Agrarianism correctly recognizes that this progressive desire to rebel against the natural order is fundamentally opposed to what is good for people. Under the industrialist society created by a progressive ethos, labor becomes repetitive and joyless, art is treated as product, and community is abandoned in search of freedom.
Unfortunately, agrarianism ultimately fails as an alternative to progressivism. It shares the corrupting heart of the progressive philosophy even while it harshly criticizes that philosophy’s less-central ideas. The agrarian conception of the good life continues the tradition of the Greek pagans, especially the Stoics. Within agrarianism, man’s purpose is fulfilled, that is to say he is made happy, by correctly relating to creation. Correct living is solely a question of acquiescence to the laws governing the matter around man. Fight these laws, seek false comfort in your ability to best nature, and you will inevitably perish.
Like agrarianism, progressivism seeks the good life solely in man’s relationship to creation, although in a rather different way. Instead of conforming to nature and its laws, man is to conform nature to his will. Although the two philosophies disagree about how men ought to relate to creation, they fully agree that the good life consists of such a relationship.
The primacy of creation in agrarianism is most evident in its treatment of religion.

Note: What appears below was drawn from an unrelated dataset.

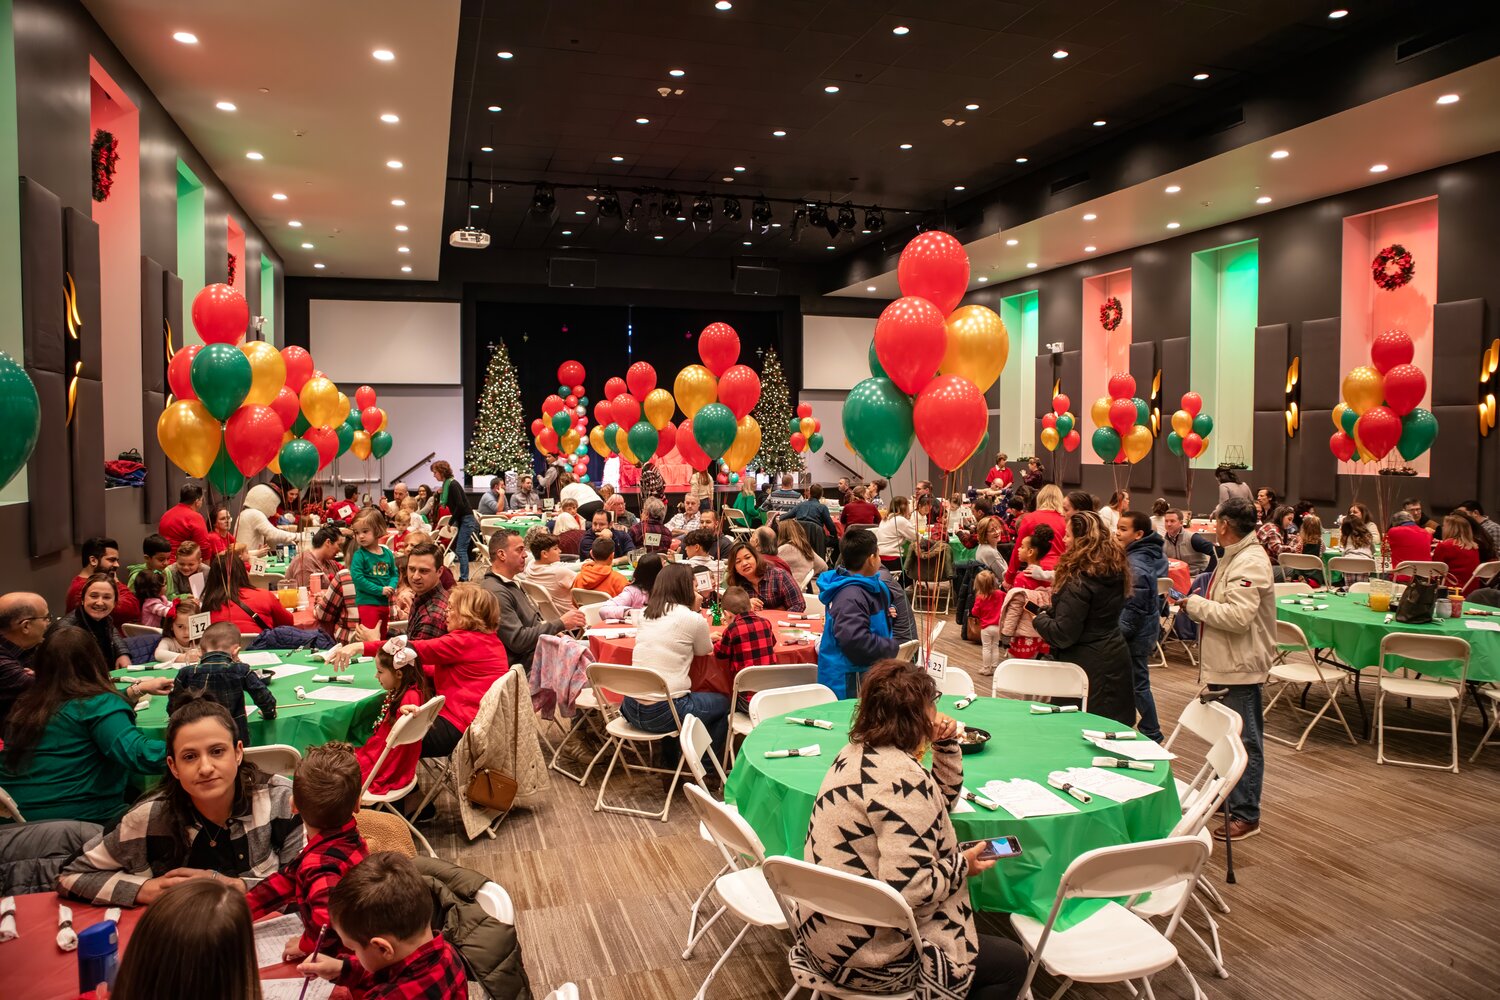 The annual ‘Breakfast with Santa’ invites families to join in holiday festivities including pictures with Santa and Mrs. Claus, writing and mailing letters to Santa, and of course, a delicious breakfast!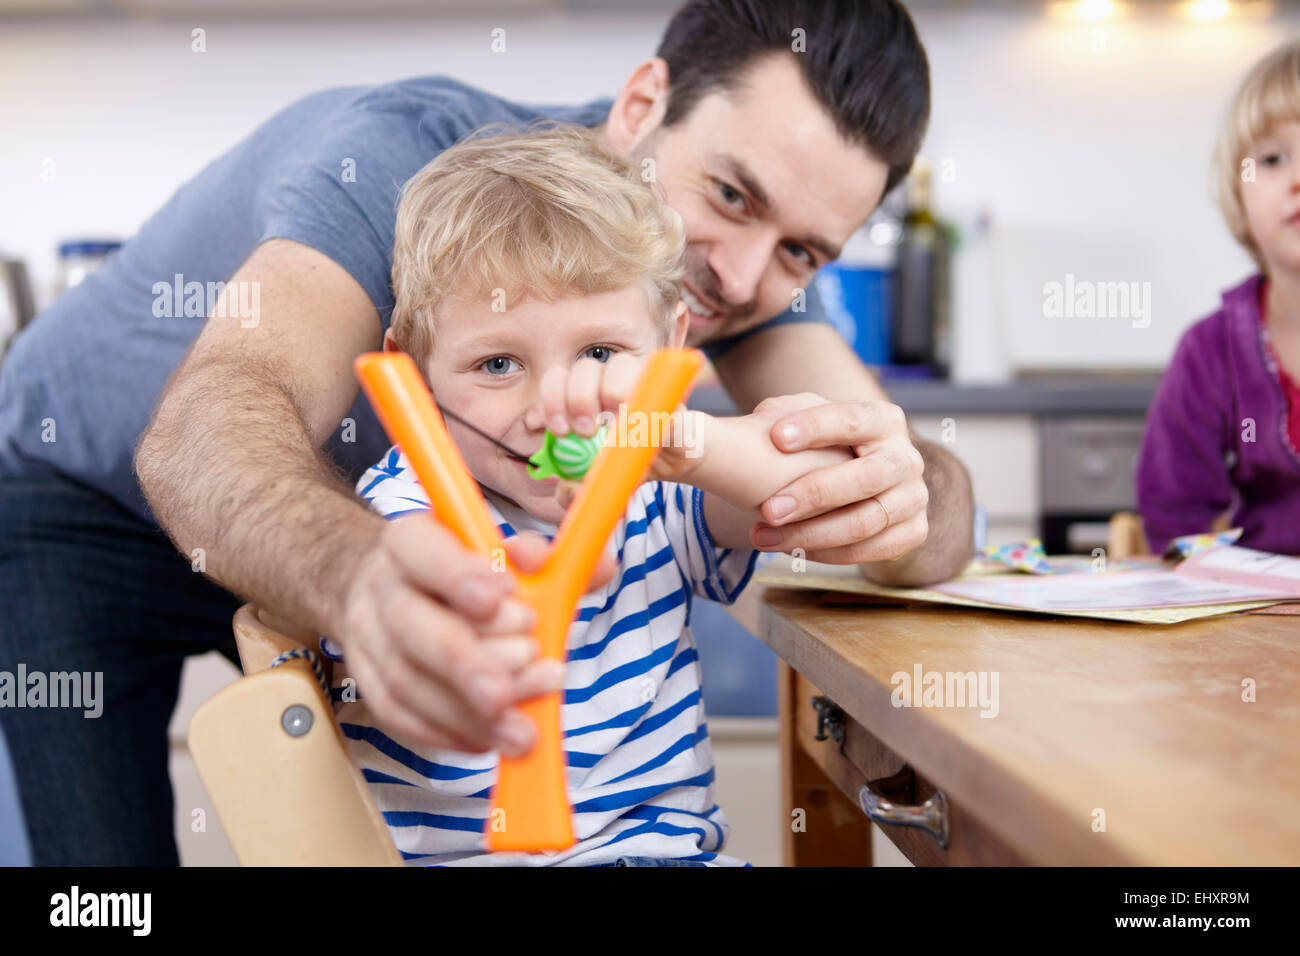 Little boy in kitchen learning to use slingshot Stock Photo

Richard Weaver, one of agrarianism’s most able proponents, offers a good example of agrarian thought about religion in his 1943 essay, “The Older Religiousness in the South.” Weaver describes the Southern approach to Christanity as one of unquestioning unity and obedience, congregants were not inclined to question or analyze matters of theology. Southern religion, for Weaver, was an illustration and model of how man was to relate to nature. Just like the Southern church, nature is mysterious and in many ways not fully comprehendible. Nature is also authoritative, it has its own laws and inevitabilities that man cannot resist.
Weaver believed that the content docility with which Southerner’s approached Christianity is the attitude one ought to have towards nature. A given religion’s theological soundness is irrelevant, what actually matters is how well it reconciles its adherents to nature and stabilizes their community.
Christianity, thus, is reduced to means to an end in Weaver’s agrarianism. Religion, the manner in which men relate to God, is good so far as it instructs men on how they ought to think and feel towards creation.
Agrarian labor, economics, and politics, are best because they maximize man’s access to nature and thus to the good life — a remarkably utilitarian outlook for a philosophy that claims to oppose modernist thought.
The gospel stands in contrast to both philosophies of man and matter. As Christians, our foremost relationship is to be one with God. Our relationship with him must be recognized as our greatest and highest good, any pursuit of the good life without this recognition is futile. Part of our relationship with God will indeed require the pursuit of a good relationship with creation. A proper relationship with creation does indeed look more like conformance than rebellion. However, even the best relationship to creation must be remembered as what it is, an aid and aspect of our greatest relationship: our relationship to God.